**INFORMATION SHOWN:**
%%

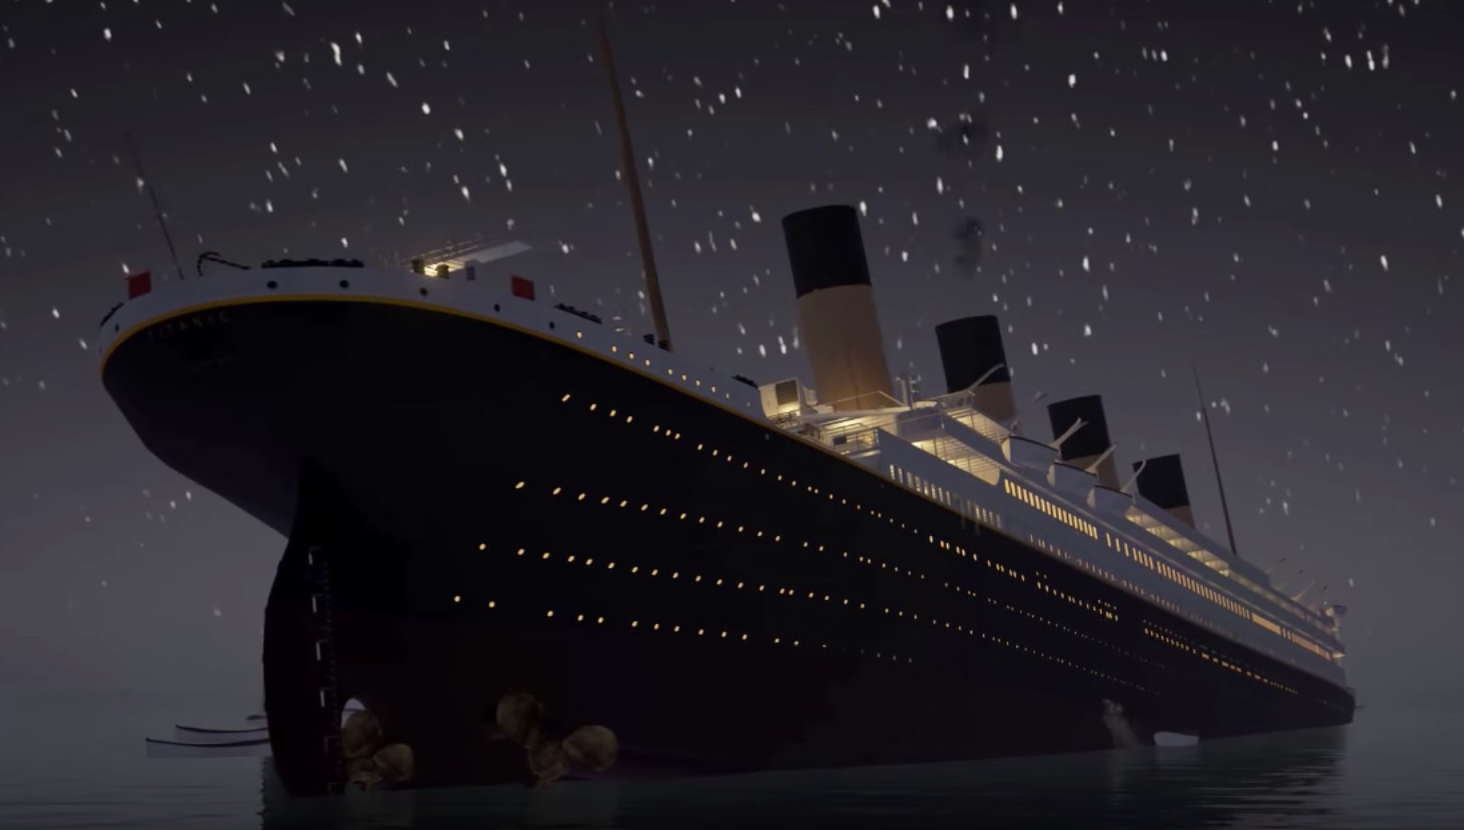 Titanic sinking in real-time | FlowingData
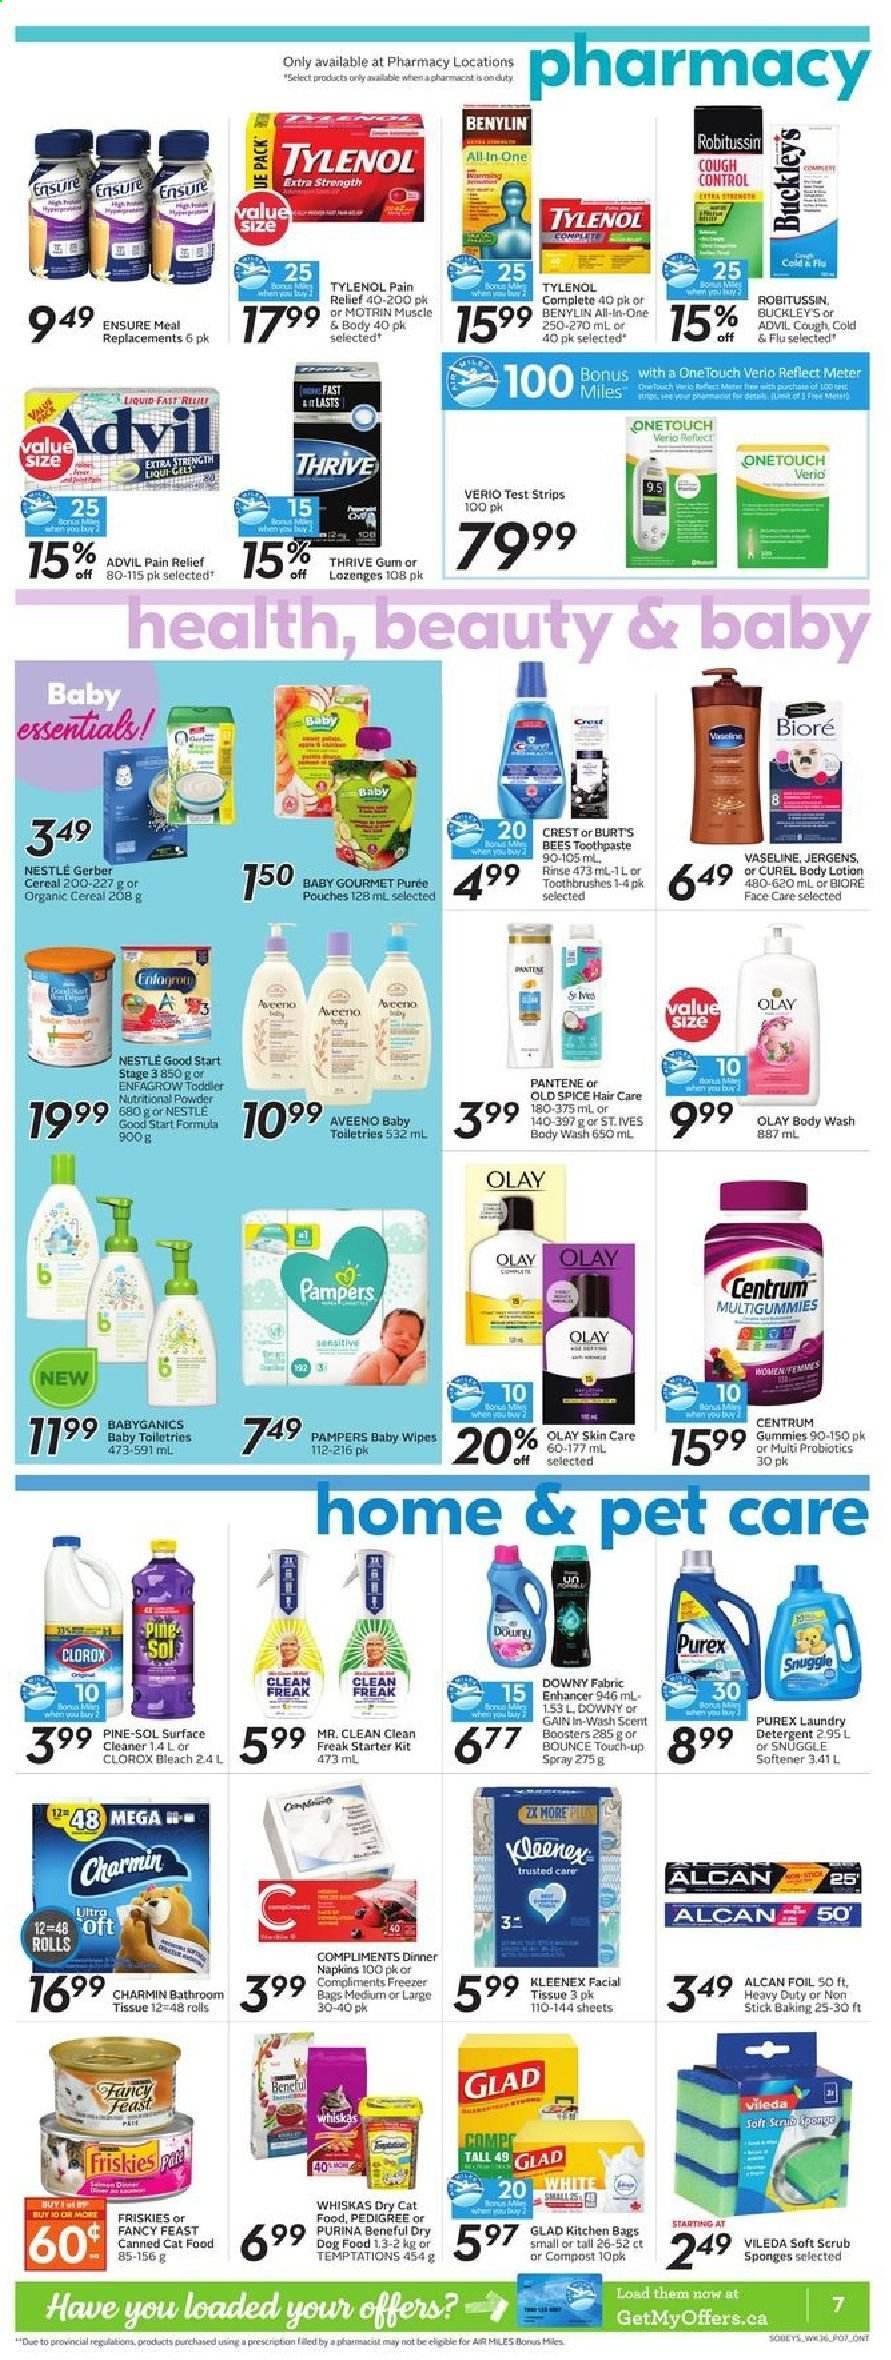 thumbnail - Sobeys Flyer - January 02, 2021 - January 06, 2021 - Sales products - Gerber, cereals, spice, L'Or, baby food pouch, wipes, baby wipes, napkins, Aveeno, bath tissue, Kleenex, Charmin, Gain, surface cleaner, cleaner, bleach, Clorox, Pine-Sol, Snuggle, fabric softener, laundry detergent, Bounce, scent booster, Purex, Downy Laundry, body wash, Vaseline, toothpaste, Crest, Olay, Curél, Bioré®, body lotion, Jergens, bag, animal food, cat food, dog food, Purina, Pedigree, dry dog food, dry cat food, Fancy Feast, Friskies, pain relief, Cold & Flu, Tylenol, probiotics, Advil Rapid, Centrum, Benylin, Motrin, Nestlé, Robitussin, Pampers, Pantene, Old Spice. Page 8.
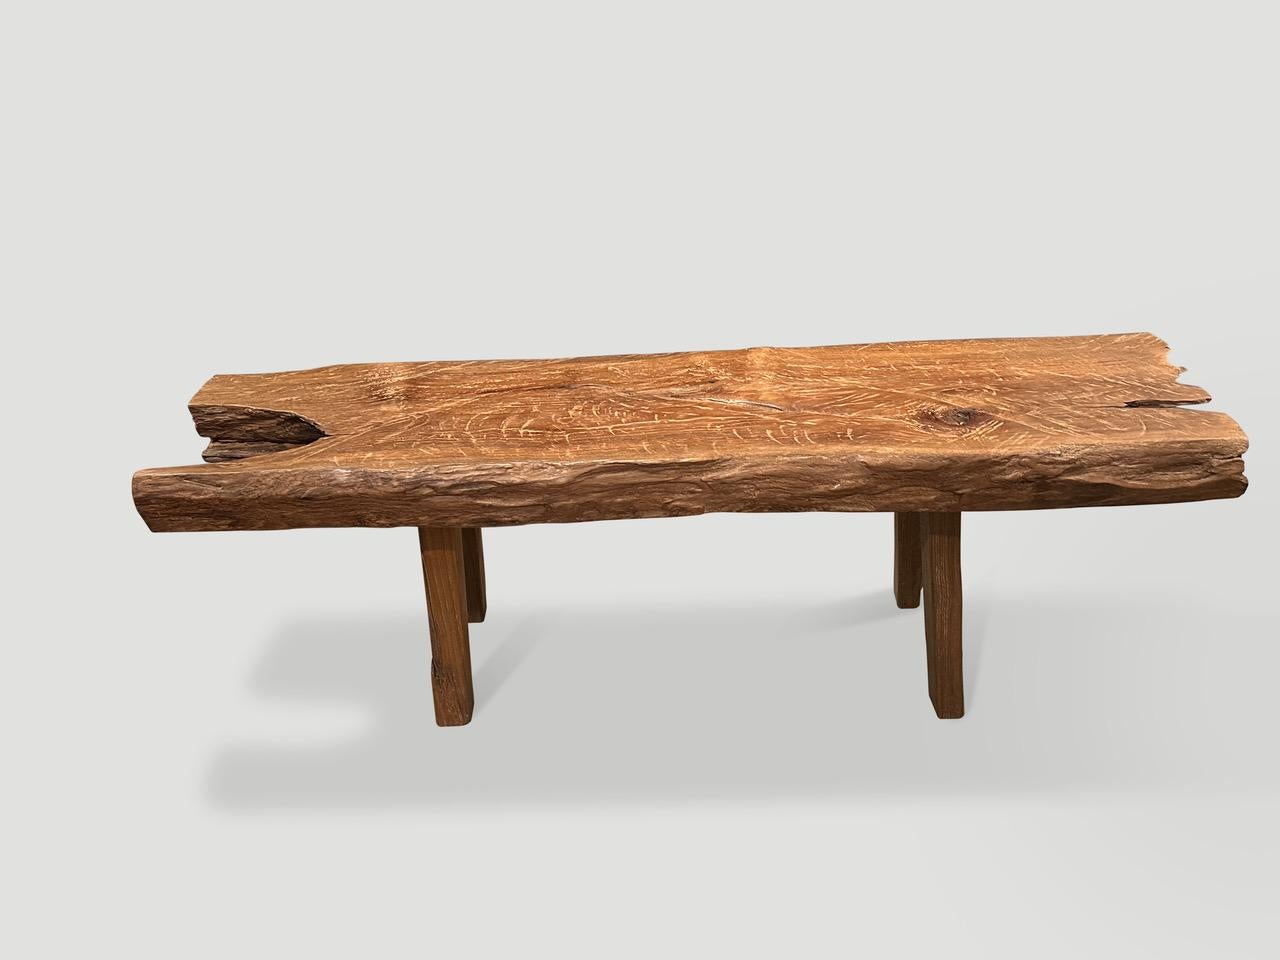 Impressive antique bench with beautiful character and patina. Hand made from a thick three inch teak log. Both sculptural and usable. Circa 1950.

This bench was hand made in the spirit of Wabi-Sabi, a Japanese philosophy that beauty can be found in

%%

**WHAT YOU HAVE TO DO:** Omit all images when repeating the data above exactly.

**TASK OUTPUT:**
 Titanic sinking in real-time | FlowingData
 thumbnail - Sobeys Flyer - January 02, 2021 - January 06, 2021 - Sales products - Gerber, cereals, spice, L'Or, baby food pouch, wipes, baby wipes, napkins, Aveeno, bath tissue, Kleenex, Charmin, Gain, surface cleaner, cleaner, bleach, Clorox, Pine-Sol, Snuggle, fabric softener, laundry detergent, Bounce, scent booster, Purex, Downy Laundry, body wash, Vaseline, toothpaste, Crest, Olay, Curél, Bioré®, body lotion, Jergens, bag, animal food, cat food, dog food, Purina, Pedigree, dry dog food, dry cat food, Fancy Feast, Friskies, pain relief, Cold & Flu, Tylenol, probiotics, Advil Rapid, Centrum, Benylin, Motrin, Nestlé, Robitussin, Pampers, Pantene, Old Spice. Page 8.
 Impressive antique bench with beautiful character and patina. Hand made from a thick three inch teak log. Both sculptural and usable. Circa 1950.

This bench was hand made in the spirit of Wabi-Sabi, a Japanese philosophy that beauty can be found in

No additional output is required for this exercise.